Oh, and great idea about checking the Office Assistant. I tried this but it tells me I don't have it installed.


----------



## etaf (Oct 2, 2003)

not sure of that - i dont get that message mmmm



> Turn off sounds
> On the Tools menu, click Options.
> Click the Other tab, and then click Advanced Options.
> Clear the Provide feedback with sound check box.
> Note When you select or clear the Provide feedback with sound check box, the setting affects all Microsoft Office programs.


http://office.microsoft.com/en-us/outlook/HP052428161033.aspx

not sure what your getting ....


----------



## cluelessinmd (Apr 17, 2007)

Hmm. Yes, that box was already unchecked. This is just very odd...


----------



## etaf (Oct 2, 2003)

i wonder if narrator does that - do you have narrator on


start>
programs>
accessories>
accessability>
narator>


----------



## cluelessinmd (Apr 17, 2007)

Good idea, but no. I don't have it on. It seems to be an Outlook thing since I upgraded to 2003 last Fall and it's done it ever since (but never before). I've been looking for a way to turn it off ever since. Thanks


----------



## etaf (Oct 2, 2003)

sorry - no idea now - I have outlook 2003 on a couple of PC's and used it at work on my last contract and have not come across this type of notification.


----------



## nickyzzi (May 24, 2007)

I have also been boggled by this annoying voice. I have tried everything to get ride of it, but to no avail. I would appreciate any tips!


----------



## doughdlg (Jul 3, 2007)

If you have a Toshiba computer and have an application called Toshiba Voice enabled. In Outlook, go to Tools, Options, Other, Advanced Options, Add-In Manager and remove the check from "Mail Speak (TOSHIBA)", that should do it.

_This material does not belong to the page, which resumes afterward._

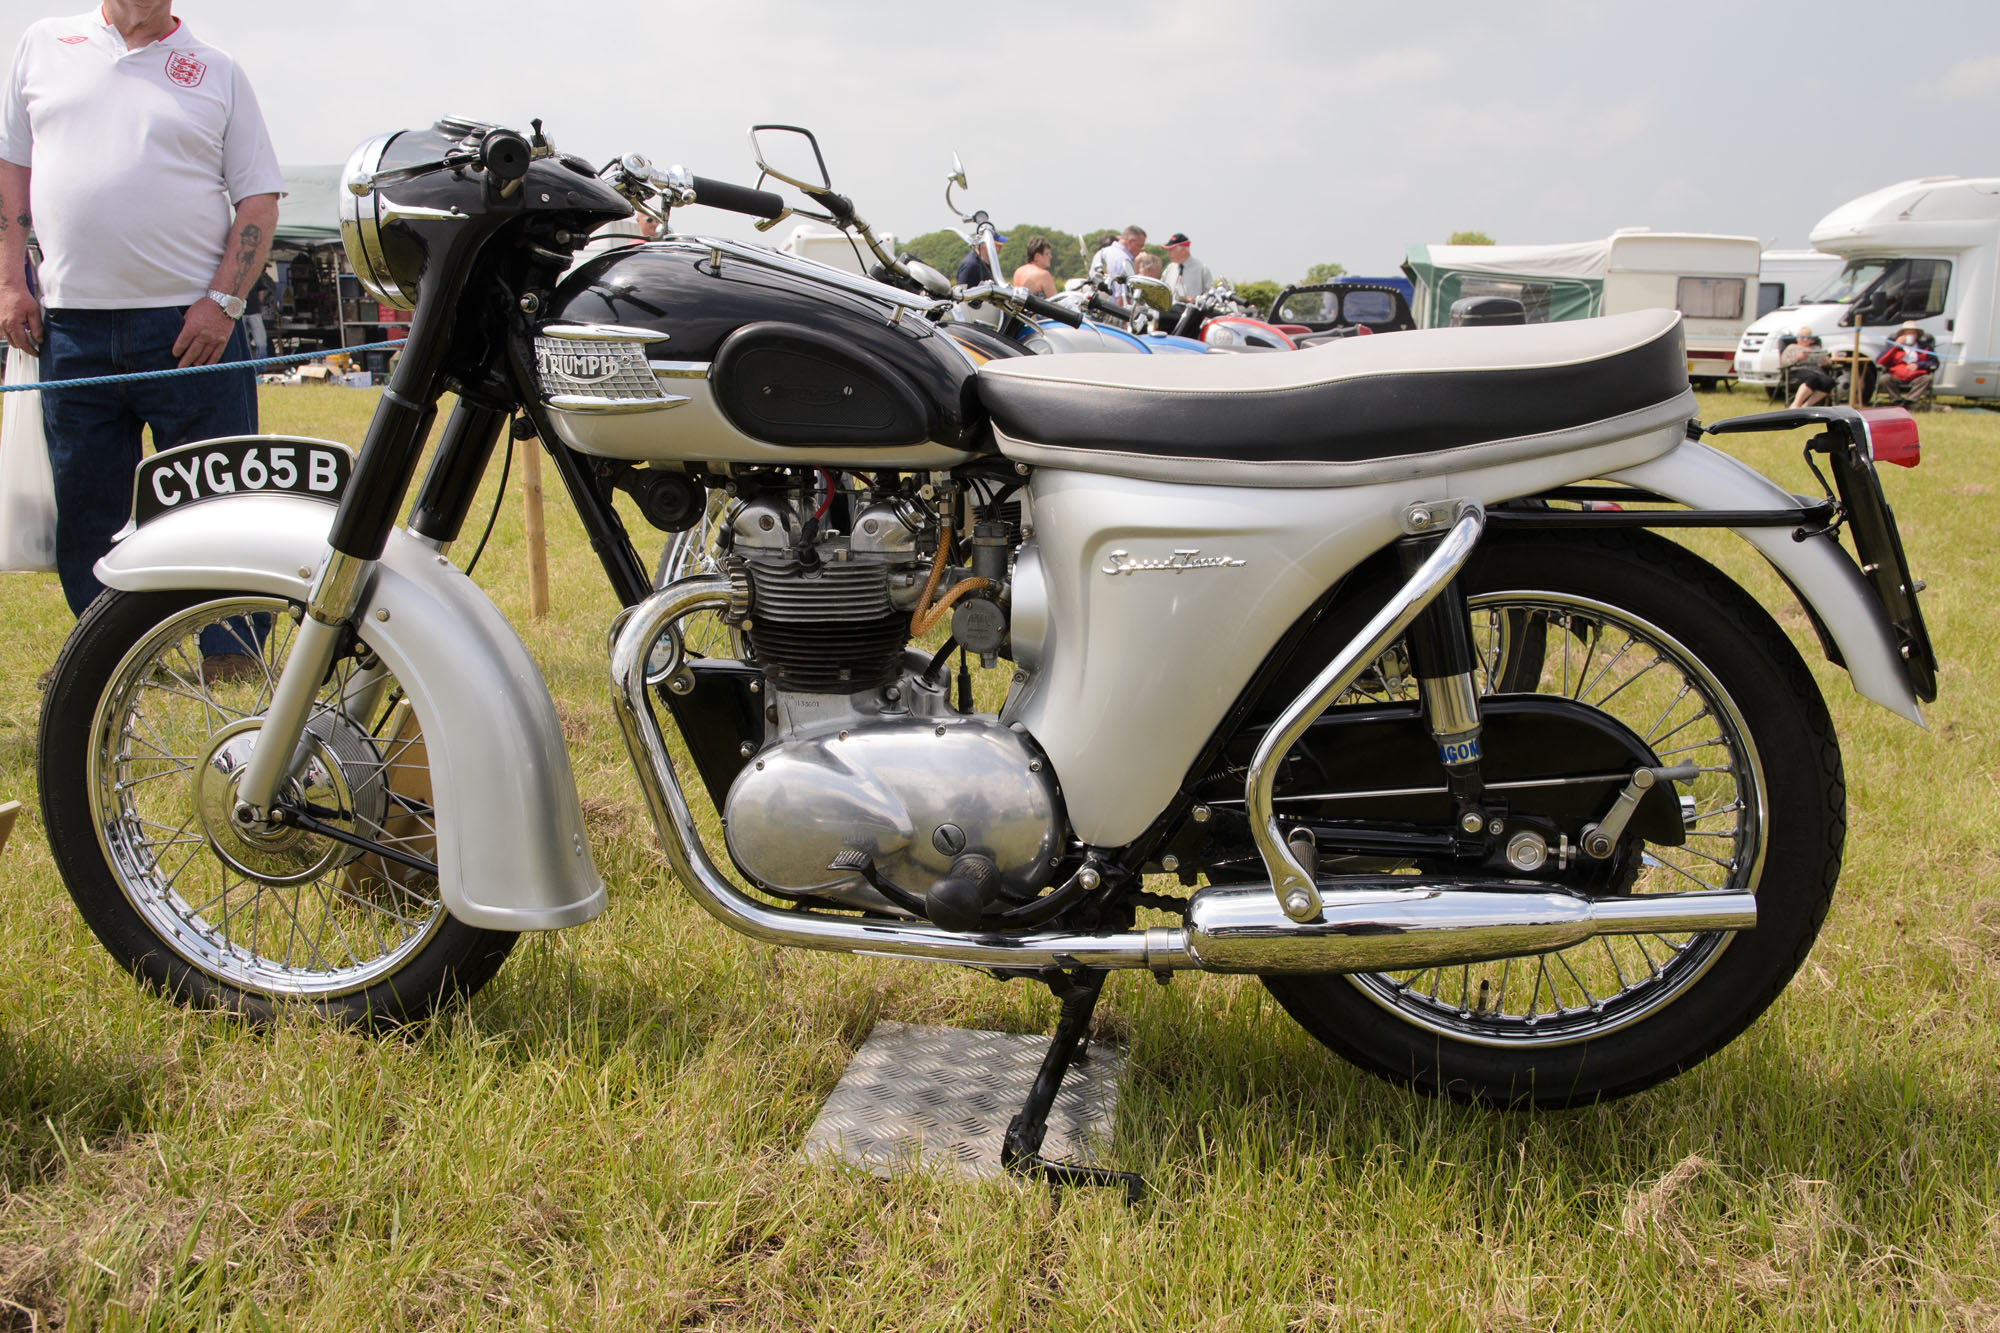 Triumph_5TA_Speed_Twin_(1964)_-_26898601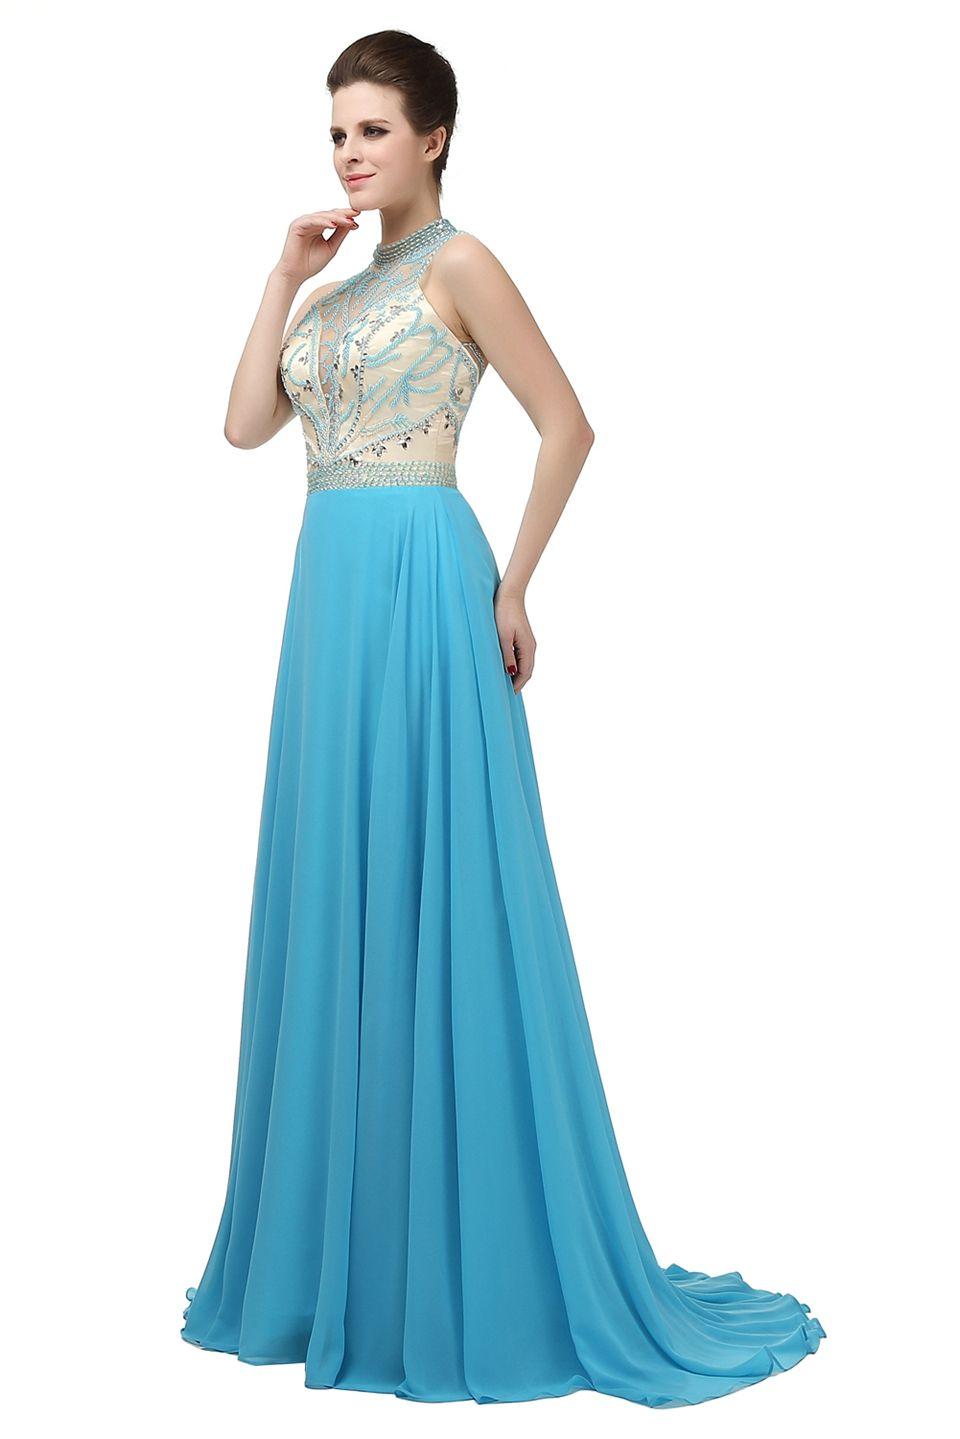 7c36ade63 ... Vestido de noche azul marino con trenzado largo Vestido de noche formal  de tul cristalino largo

It worked for me.


----------



## cheeha (Jul 3, 2007)

doughdlg said:


> If you have a Toshiba computer and have an application called Toshiba Voice enabled. In Outlook, go to Tools, Options, Other, Advanced Options, Add-In Manager and remove the check from "Mail Speak (TOSHIBA)", that should do it. It worked for me.


Thanx doughdlg, that voice was driving me nuts.. silence is bliss :up:


----------



## doughdlg (Jul 3, 2007)

I totally relate, believe me.


----------



## Freeebird (Jul 14, 2007)

:up: You are da MAN doughdlg!!!! I've been trying to get rid of that annoying notification for months now. THANKS AGAIN! Oh, in case I got the gender wrong, well sorry.


----------



## hefted45628 (Jul 21, 2007)

This tip works great, only trouble is that when I restart the computer the "mail speak" box in Outlook becomes checked again automatically and I have to uncheck it again. Anyone know how to make it stay clear?


----------



## etaf (Oct 2, 2003)

it may be in startups

Start>
run>
msconfig>
startup tab
maybe something there

this site will provide a list of all the startups and what they do
http://www.pacs-portal.co.uk/startup_index.htm

or

have a look at 
programs
startup

see if anything listed there


----------



## hefted45628 (Jul 21, 2007)

Nothing in startup that I can find. Good idea though. Any other ideas or I will most likely remove the toshiba speech system stuff altogether. Thanks.


----------



## etaf (Oct 2, 2003)

is there any help for the program 9from programs > toshiba speech> maybe - my toshiba has loads of PDF's

- the toshiba website appears to only have downloads available to install the program

http://www.askiris.toshiba.com/Tosh...iceId=&dialogID=14044353&stateId=0 0 14042331


----------



## zzeschul (Oct 28, 2005)

To disable in Outlook 2007:
Select Tools, Trust Center, Add-Ins.
In Manage, select Exchange Extensions & deselect Mail Speak (Toshiba)


----------



## jacobithegreat (Mar 9, 2008)

Oh my gosh. I tried that, restarted Outlook and held my breath... NO GUNTHER! I actually yelled in trimph, that voice was INFURIATING.
You are indeed the man.


----------